__PROBLEM TO WORK ON__: Only the lines from the one containing "Roxy Womens Floral Mesh Baseball Hat" through the one containing "Off-White c/o Virgil" should be printed, exactly as they appear below, with both ends included.

__PROVIDED INFORMATION__:
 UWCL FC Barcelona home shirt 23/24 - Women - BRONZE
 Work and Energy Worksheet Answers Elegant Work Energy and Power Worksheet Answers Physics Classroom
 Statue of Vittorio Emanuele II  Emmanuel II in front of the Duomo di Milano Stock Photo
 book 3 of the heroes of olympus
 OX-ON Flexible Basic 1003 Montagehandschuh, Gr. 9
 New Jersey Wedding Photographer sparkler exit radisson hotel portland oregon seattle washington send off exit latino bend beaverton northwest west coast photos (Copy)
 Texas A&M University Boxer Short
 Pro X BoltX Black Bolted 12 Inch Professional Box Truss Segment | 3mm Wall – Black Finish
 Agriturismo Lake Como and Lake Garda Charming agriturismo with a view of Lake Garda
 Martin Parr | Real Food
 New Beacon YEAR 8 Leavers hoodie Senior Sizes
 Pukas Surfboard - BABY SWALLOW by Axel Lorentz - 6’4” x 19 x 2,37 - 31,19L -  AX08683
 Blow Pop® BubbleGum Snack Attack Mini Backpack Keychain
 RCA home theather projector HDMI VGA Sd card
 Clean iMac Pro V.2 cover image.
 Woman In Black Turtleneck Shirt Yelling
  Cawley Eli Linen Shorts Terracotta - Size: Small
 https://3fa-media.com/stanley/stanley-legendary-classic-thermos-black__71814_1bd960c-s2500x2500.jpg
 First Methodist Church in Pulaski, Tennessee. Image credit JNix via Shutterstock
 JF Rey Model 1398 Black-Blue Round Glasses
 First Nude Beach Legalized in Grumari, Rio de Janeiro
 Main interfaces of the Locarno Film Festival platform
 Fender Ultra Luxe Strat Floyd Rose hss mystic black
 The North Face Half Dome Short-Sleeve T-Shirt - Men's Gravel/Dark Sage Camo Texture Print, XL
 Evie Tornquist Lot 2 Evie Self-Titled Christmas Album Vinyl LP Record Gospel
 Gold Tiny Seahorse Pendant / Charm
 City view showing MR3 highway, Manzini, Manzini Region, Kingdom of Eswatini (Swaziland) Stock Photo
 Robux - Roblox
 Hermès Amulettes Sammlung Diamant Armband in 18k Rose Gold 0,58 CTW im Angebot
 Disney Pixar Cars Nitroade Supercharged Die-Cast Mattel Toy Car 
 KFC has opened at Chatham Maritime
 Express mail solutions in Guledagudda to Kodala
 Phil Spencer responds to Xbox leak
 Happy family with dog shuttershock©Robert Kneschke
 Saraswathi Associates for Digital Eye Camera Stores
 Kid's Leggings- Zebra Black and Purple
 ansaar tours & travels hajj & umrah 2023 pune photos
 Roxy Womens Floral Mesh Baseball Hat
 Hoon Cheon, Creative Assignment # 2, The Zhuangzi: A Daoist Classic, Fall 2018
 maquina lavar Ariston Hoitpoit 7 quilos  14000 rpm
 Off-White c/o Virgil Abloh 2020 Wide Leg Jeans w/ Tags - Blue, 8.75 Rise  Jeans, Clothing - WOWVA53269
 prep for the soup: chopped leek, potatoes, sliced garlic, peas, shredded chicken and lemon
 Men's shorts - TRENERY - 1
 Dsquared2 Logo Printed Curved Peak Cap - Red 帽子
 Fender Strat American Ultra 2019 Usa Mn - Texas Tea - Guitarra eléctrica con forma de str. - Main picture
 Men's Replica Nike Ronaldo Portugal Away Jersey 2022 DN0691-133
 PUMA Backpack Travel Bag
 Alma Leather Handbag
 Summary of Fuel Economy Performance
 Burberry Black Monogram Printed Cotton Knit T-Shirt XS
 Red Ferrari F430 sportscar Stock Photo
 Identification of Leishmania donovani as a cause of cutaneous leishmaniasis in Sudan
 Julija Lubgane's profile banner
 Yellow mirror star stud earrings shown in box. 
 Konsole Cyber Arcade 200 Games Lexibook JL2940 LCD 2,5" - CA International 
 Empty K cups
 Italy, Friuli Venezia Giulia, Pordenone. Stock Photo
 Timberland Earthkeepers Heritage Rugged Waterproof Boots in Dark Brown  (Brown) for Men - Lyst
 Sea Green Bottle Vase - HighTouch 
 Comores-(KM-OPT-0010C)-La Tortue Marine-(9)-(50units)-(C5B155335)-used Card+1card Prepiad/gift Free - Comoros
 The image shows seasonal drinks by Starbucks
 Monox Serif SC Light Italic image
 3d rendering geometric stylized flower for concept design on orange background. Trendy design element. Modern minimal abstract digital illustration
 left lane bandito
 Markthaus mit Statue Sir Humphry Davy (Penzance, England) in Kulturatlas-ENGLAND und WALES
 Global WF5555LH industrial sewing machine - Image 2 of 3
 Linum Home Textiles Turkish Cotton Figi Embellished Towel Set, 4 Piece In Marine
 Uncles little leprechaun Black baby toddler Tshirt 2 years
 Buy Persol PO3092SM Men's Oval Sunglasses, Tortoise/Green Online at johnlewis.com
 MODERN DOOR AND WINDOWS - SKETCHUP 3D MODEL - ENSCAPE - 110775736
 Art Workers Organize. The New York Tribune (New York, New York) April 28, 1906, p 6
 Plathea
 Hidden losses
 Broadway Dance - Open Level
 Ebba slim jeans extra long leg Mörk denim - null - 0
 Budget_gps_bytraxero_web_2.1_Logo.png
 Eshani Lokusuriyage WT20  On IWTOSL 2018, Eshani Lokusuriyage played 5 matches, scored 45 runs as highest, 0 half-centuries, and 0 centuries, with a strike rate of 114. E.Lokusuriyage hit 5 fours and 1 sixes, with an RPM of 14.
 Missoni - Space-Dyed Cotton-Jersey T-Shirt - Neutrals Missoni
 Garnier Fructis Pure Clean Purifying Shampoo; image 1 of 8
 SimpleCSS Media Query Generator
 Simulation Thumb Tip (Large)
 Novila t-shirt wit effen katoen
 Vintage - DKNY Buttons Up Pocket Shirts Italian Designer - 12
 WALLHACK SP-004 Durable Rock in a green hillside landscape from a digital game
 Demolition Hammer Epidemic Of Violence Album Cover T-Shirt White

__TASK RESULT__:
 Roxy Womens Floral Mesh Baseball Hat
 Hoon Cheon, Creative Assignment # 2, The Zhuangzi: A Daoist Classic, Fall 2018
 maquina lavar Ariston Hoitpoit 7 quilos  14000 rpm
 Off-White c/o Virgil Abloh 2020 Wide Leg Jeans w/ Tags - Blue, 8.75 Rise  Jeans, Clothing - WOWVA53269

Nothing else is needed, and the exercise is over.